_ABOUT THIS TASK_.
An exact copy of the data is required, with no pictures in it.

_DATA PROVIDED_.

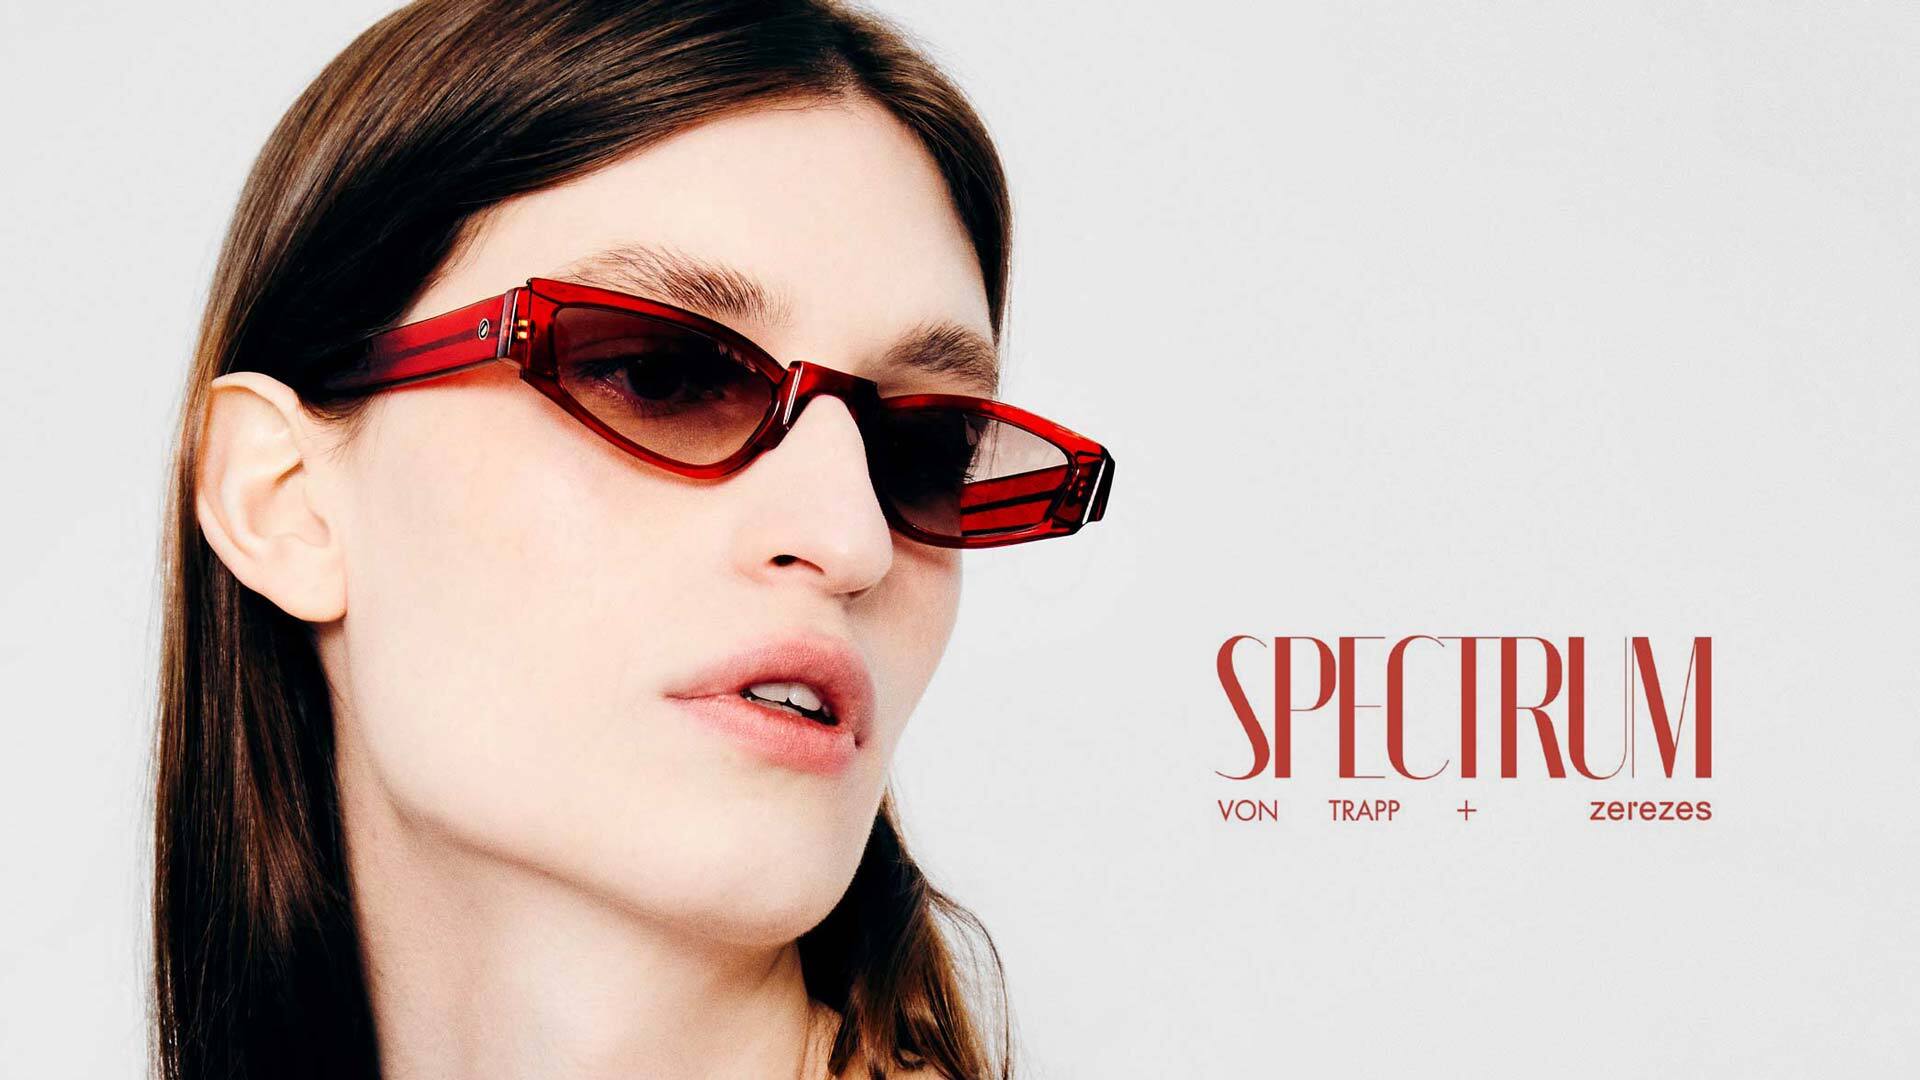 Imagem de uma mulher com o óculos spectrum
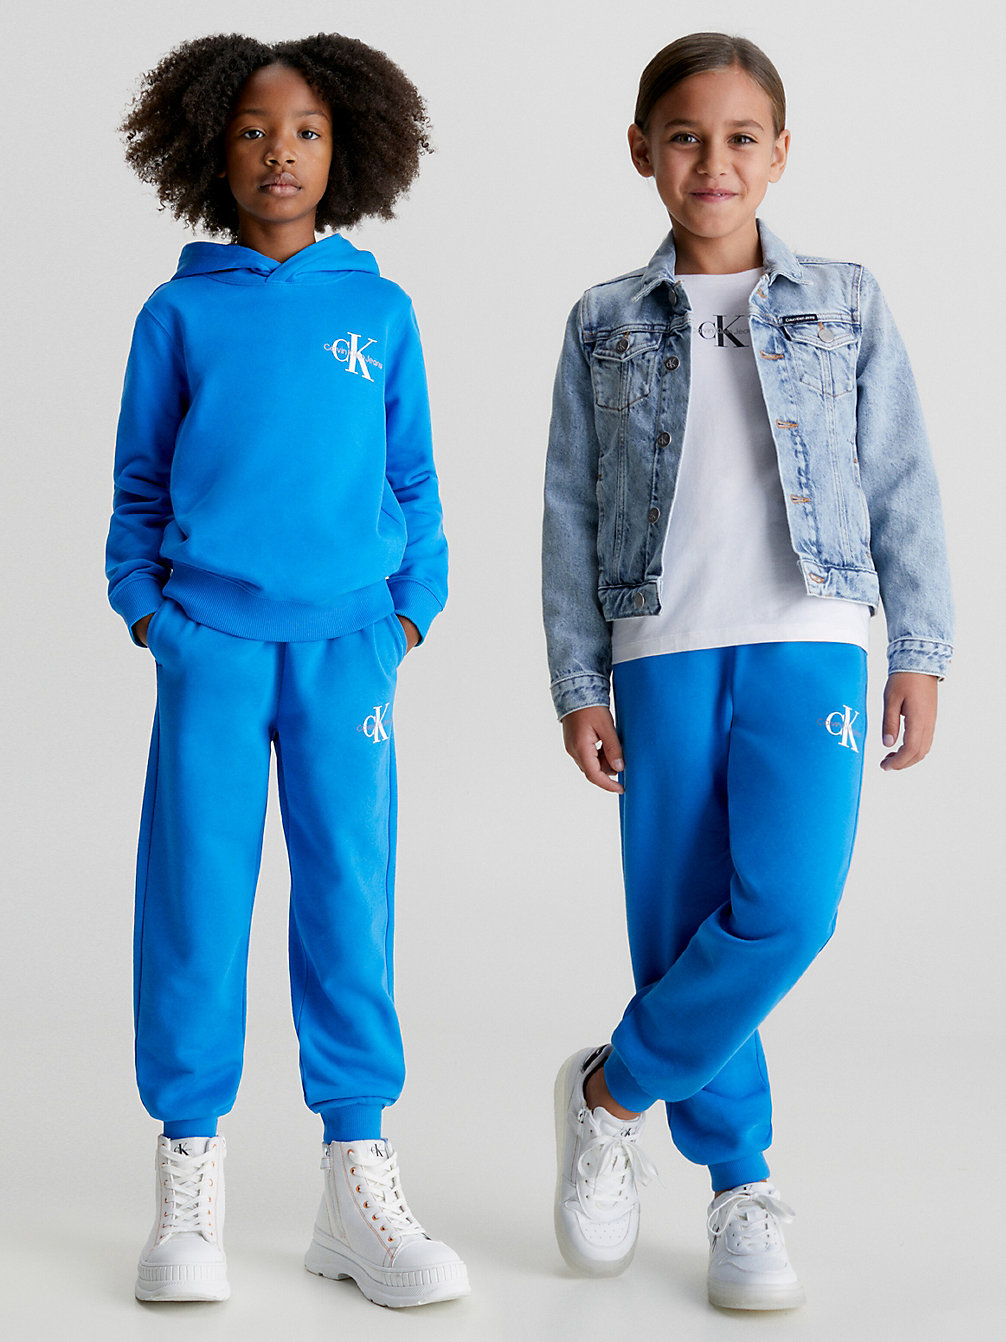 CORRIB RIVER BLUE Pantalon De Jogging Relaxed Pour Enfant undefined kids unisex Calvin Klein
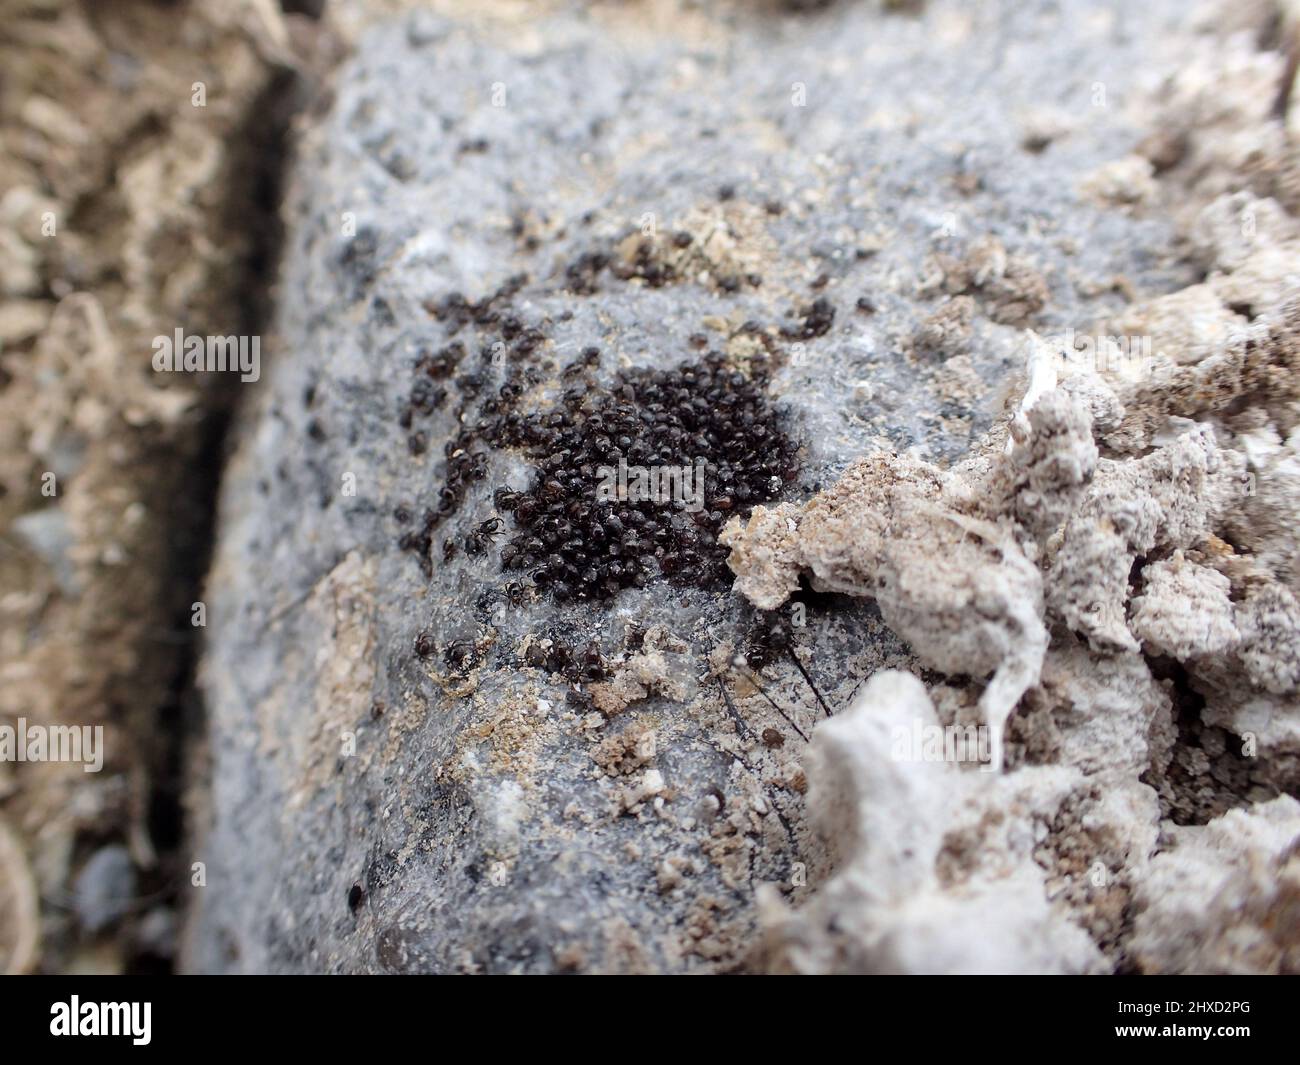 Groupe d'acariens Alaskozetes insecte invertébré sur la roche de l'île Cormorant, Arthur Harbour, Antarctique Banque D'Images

_RESPONSE BELOW_.
 Imagem de uma mulher com o óculos spectrum
 CORRIB RIVER BLUE Pantalon De Jogging Relaxed Pour Enfant undefined kids unisex Calvin Klein
 Groupe d'acariens Alaskozetes insecte invertébré sur la roche de l'île Cormorant, Arthur Harbour, Antarctique Banque D'Images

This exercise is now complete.